Guitarist Wes Montgomery’s legendary 1965 concert in Paris has been released under many titles, yet it had never been legally released until recently. The previous issues were taped off the French public-radio broadcast and sold without securing the copyright to the material and without paying the artists and engineers involved. As a result, Resonance Records rightfully proclaims that its two-disc set, In Paris: The Definitive ORTF Recording, is the first official release of the music.

As such, it’s a great example of the not-for-profit label’s mission: to create high-quality packages of neglected or misused jazz history by securing copyrights, working from the original tapes, documenting the context in extensive liner notes and paying royalties to the artists or their surviving family members.

“This concert came three years after the famous Full House live album, which also featured Johnny Griffin,” said producer Zev Feldman. “This is the period when Wes was at the height of his powers, right at the beginning of his Verve years. I told my boss that it’s risky to release something that’s been so widely bootlegged, but it’s one of the greatest Wes performances of all time and it deserves to have an official release that pays all the royalties.”

The music on In Paris is impressive. Montgomery’s rapid alternation of chords and single-note runs, always bluesy and melodic, pushes to the limits the musicians accompanying him: 19-year-old pianist Harold Mabern, bassist Arthur Harper, drummer Jimmy Lovelace and, on three tunes, tenor saxophonist Johnny Griffin, who was based in France at the time. The rhythm section handles the challenges amazingly well, especially considering they’d played less than a dozen dates before joining the fearful-of-flying Montgomery on his one-and-only trip overseas.

The concert occurred just before Montgomery began emphasizing jazz arrangements of ’60s pop tunes. The Paris program features five originals by the guitarist, two Tin Pan Alley numbers and compositions by Mabern, Coltrane, Monk and Gillespie. The band takes advantage of the challenging material to stretch out with longer solos than Montgomery ever allowed in the studio.

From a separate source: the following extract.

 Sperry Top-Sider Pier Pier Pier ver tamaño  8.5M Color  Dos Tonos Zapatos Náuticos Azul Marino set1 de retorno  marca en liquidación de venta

The Resonance version of the concert not only corrects the mistaken titles on the bootlegs (which listed “Jingles” as “Mr. Walker,” for example, and “The Girl Next Door” as “To Django”) but also improves the sound markedly by creating a transfer from the original tapes at Office de Radiodiffusion Télévision Française. The 32-page booklet includes contemporary pictures from French photographer Jean-Pierre Leloir, commentary from Mabern, Montgomery acolyte Russell Malone, jazz historian Vincent Pelote and French producer Pascal Rozat, as well as a selection of 10 album covers from bootleg versions.

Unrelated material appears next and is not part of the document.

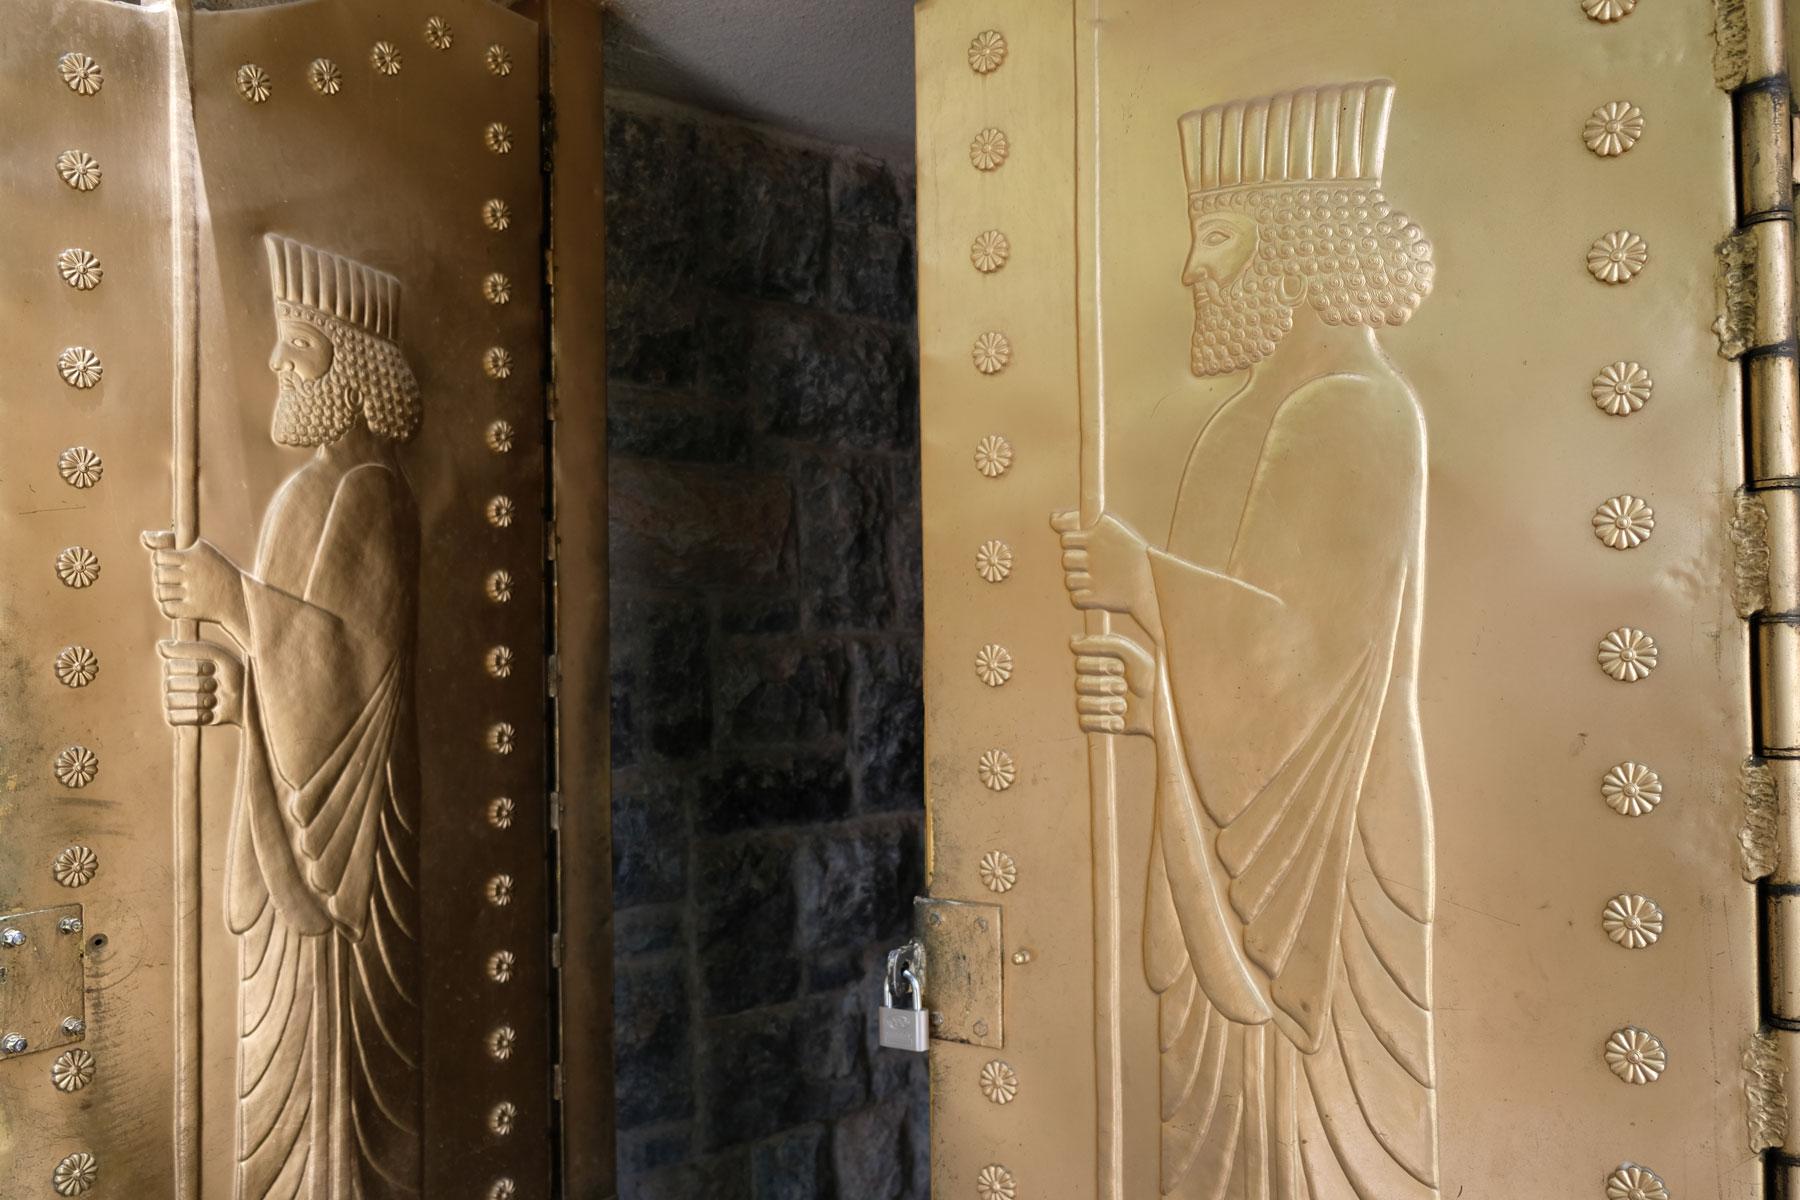 Verzierte Türen am Eingang des Tempels

Resonance also works with active artists, such as British singer Polly Gibbons, American violinist Christian Howes and Swedish guitarist Andreas Oberg, but it has made its biggest impact in releasing historical recordings by the likes of John Coltrane, Stan Getz, Sarah Vaughan, Larry Young and Jaco Pastorius. The label has put out three packages of previously unreleased Bill Evans music. George Klabin, the owner of Resonance, has encouraged Feldman, the label’s vice president, to track down archival material worth releasing.

“Back in 2010,” Feldman recalled, “I got some tapes from [producer] Michael Cuscuna of Wes playing small clubs in Indiana before he released his debut album. It was so good I knew we had to put it out, but first I had to reach out to Wes’ family. His son Robert called me back while I was sitting in the parking lot of a grocery store, and I stayed on the line for an hour. I told him how passionate I was about his father and what his music meant to me. He said, ‘That sounds good to me.’ He was looking for respect, to have the music presented the best way possible. He wanted the record company to care.”

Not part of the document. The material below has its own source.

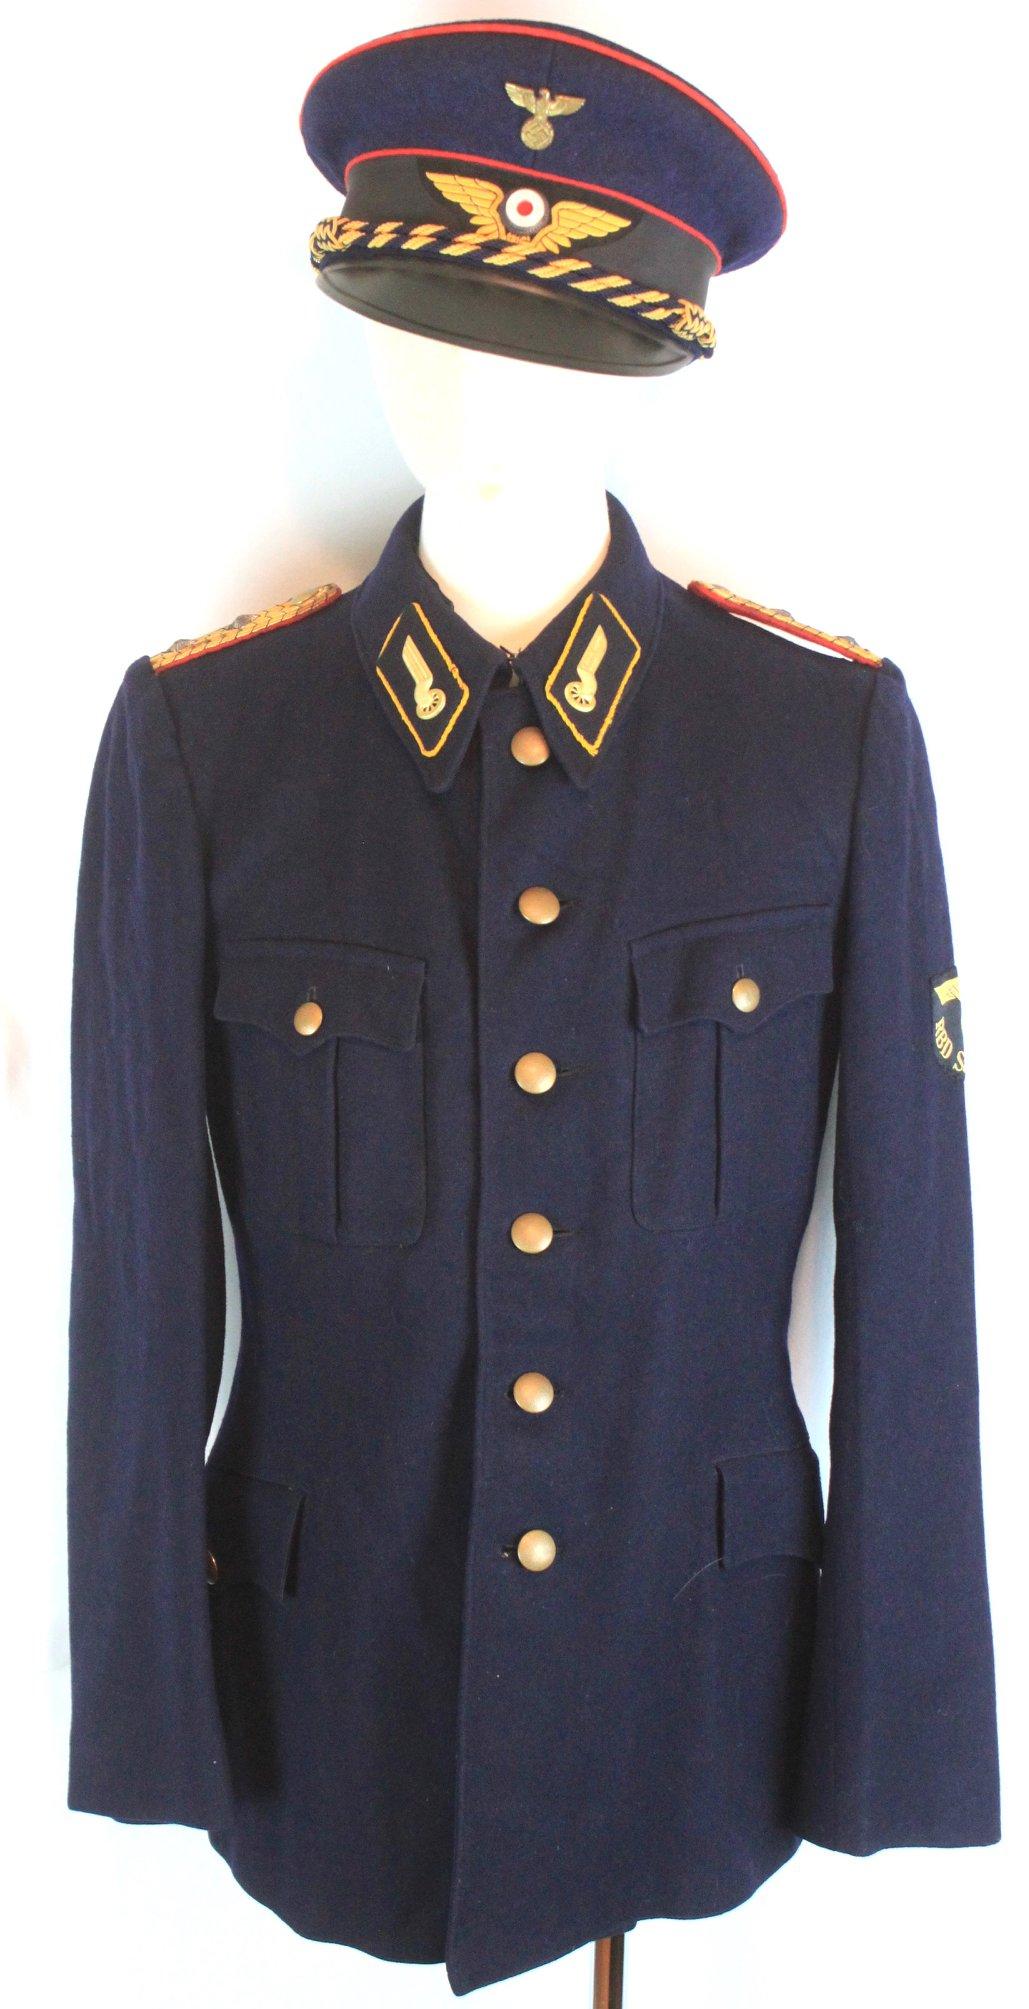 [已售出 SOLD] 二戰德國國鐵信號官制服組

When Resonance put out Echoes Of Indiana Avenue in 2012, it was the first issue of unreleased Montgomery music since 1969. “Lo and behold,” Feldman explained, “we sold 30,000 copies. Suddenly people were asking, ‘Who is this Resonance label?’” It was soon followed by four more Montgomery titles: In the Beginning, One Night In Indy, Smokin’ In Seattle and now In Paris. Because Resonance kept its promises on the first reissue, the Montgomery estate was willing to keep working with the label. The same thing happened with the Evans estate.

Resonance has planned future albums of previously unreleased material by Grant Green (1935–’79) and Eric Dolphy (1928–’64).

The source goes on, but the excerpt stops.